── Dataset entries ──
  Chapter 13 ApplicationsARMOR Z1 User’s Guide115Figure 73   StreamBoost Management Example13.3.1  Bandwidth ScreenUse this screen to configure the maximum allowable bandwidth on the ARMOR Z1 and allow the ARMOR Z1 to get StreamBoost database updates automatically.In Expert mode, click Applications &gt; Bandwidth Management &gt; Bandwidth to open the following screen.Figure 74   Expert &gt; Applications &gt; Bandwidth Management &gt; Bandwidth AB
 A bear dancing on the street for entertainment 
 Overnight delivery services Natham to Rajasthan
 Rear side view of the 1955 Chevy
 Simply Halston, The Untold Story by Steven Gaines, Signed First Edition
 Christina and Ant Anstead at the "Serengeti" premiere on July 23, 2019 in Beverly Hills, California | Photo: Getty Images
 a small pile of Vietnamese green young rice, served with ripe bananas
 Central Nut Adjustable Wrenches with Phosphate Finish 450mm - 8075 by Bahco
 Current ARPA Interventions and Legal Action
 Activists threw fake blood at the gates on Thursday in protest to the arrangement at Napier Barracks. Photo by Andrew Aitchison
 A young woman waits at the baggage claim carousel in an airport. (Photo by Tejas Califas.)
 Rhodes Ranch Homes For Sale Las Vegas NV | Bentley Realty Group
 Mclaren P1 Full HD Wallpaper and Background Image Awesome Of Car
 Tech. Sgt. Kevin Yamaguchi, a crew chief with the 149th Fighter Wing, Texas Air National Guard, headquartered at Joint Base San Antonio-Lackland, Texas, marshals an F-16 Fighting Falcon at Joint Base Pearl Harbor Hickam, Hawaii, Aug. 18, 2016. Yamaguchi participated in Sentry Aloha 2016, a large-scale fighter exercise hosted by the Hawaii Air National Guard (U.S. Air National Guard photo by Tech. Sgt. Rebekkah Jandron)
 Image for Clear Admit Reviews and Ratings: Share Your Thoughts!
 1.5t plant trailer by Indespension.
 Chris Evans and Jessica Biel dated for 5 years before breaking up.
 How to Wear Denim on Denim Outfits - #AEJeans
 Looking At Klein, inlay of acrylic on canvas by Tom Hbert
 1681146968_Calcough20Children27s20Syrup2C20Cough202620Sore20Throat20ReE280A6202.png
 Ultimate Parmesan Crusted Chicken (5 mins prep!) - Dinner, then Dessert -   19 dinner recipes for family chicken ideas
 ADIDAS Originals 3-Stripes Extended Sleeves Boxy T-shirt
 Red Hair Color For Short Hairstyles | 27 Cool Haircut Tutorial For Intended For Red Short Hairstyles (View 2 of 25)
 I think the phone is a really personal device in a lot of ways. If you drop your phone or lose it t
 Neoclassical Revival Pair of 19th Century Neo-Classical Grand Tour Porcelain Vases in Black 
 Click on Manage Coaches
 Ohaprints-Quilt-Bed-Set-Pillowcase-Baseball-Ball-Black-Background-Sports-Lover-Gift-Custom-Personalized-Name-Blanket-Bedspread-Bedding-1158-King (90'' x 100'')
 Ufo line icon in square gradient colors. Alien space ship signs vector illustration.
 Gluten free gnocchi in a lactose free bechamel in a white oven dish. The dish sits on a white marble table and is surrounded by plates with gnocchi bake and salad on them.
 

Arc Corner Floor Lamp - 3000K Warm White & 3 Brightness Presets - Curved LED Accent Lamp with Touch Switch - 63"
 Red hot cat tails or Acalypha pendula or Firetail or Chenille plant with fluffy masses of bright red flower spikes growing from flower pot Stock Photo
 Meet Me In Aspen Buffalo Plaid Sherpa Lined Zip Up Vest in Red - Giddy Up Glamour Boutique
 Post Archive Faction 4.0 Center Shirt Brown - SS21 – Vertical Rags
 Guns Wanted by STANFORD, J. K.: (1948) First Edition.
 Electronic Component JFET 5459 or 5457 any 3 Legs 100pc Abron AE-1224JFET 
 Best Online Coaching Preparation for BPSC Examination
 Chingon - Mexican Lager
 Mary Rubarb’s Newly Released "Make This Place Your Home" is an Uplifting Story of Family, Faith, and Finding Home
───
§ **Task to carry out**
With no word changed, write the entries out once more.

§ **Response to this exercise**
  Chapter 13 ApplicationsARMOR Z1 User’s Guide115Figure 73   StreamBoost Management Example13.3.1  Bandwidth ScreenUse this screen to configure the maximum allowable bandwidth on the ARMOR Z1 and allow the ARMOR Z1 to get StreamBoost database updates automatically.In Expert mode, click Applications &gt; Bandwidth Management &gt; Bandwidth to open the following screen.Figure 74   Expert &gt; Applications &gt; Bandwidth Management &gt; Bandwidth AB
 A bear dancing on the street for entertainment 
 Overnight delivery services Natham to Rajasthan
 Rear side view of the 1955 Chevy
 Simply Halston, The Untold Story by Steven Gaines, Signed First Edition
 Christina and Ant Anstead at the "Serengeti" premiere on July 23, 2019 in Beverly Hills, California | Photo: Getty Images
 a small pile of Vietnamese green young rice, served with ripe bananas
 Central Nut Adjustable Wrenches with Phosphate Finish 450mm - 8075 by Bahco
 Current ARPA Interventions and Legal Action
 Activists threw fake blood at the gates on Thursday in protest to the arrangement at Napier Barracks. Photo by Andrew Aitchison
 A young woman waits at the baggage claim carousel in an airport. (Photo by Tejas Califas.)
 Rhodes Ranch Homes For Sale Las Vegas NV | Bentley Realty Group
 Mclaren P1 Full HD Wallpaper and Background Image Awesome Of Car
 Tech. Sgt. Kevin Yamaguchi, a crew chief with the 149th Fighter Wing, Texas Air National Guard, headquartered at Joint Base San Antonio-Lackland, Texas, marshals an F-16 Fighting Falcon at Joint Base Pearl Harbor Hickam, Hawaii, Aug. 18, 2016. Yamaguchi participated in Sentry Aloha 2016, a large-scale fighter exercise hosted by the Hawaii Air National Guard (U.S. Air National Guard photo by Tech. Sgt. Rebekkah Jandron)
 Image for Clear Admit Reviews and Ratings: Share Your Thoughts!
 1.5t plant trailer by Indespension.
 Chris Evans and Jessica Biel dated for 5 years before breaking up.
 How to Wear Denim on Denim Outfits - #AEJeans
 Looking At Klein, inlay of acrylic on canvas by Tom Hbert
 1681146968_Calcough20Children27s20Syrup2C20Cough202620Sore20Throat20ReE280A6202.png
 Ultimate Parmesan Crusted Chicken (5 mins prep!) - Dinner, then Dessert -   19 dinner recipes for family chicken ideas
 ADIDAS Originals 3-Stripes Extended Sleeves Boxy T-shirt
 Red Hair Color For Short Hairstyles | 27 Cool Haircut Tutorial For Intended For Red Short Hairstyles (View 2 of 25)
 I think the phone is a really personal device in a lot of ways. If you drop your phone or lose it t
 Neoclassical Revival Pair of 19th Century Neo-Classical Grand Tour Porcelain Vases in Black 
 Click on Manage Coaches
 Ohaprints-Quilt-Bed-Set-Pillowcase-Baseball-Ball-Black-Background-Sports-Lover-Gift-Custom-Personalized-Name-Blanket-Bedspread-Bedding-1158-King (90'' x 100'')
 Ufo line icon in square gradient colors. Alien space ship signs vector illustration.
 Gluten free gnocchi in a lactose free bechamel in a white oven dish. The dish sits on a white marble table and is surrounded by plates with gnocchi bake and salad on them.
 

Arc Corner Floor Lamp - 3000K Warm White & 3 Brightness Presets - Curved LED Accent Lamp with Touch Switch - 63"
 Red hot cat tails or Acalypha pendula or Firetail or Chenille plant with fluffy masses of bright red flower spikes growing from flower pot Stock Photo
 Meet Me In Aspen Buffalo Plaid Sherpa Lined Zip Up Vest in Red - Giddy Up Glamour Boutique
 Post Archive Faction 4.0 Center Shirt Brown - SS21 – Vertical Rags
 Guns Wanted by STANFORD, J. K.: (1948) First Edition.
 Electronic Component JFET 5459 or 5457 any 3 Legs 100pc Abron AE-1224JFET 
 Best Online Coaching Preparation for BPSC Examination
 Chingon - Mexican Lager
 Mary Rubarb’s Newly Released "Make This Place Your Home" is an Uplifting Story of Family, Faith, and Finding Home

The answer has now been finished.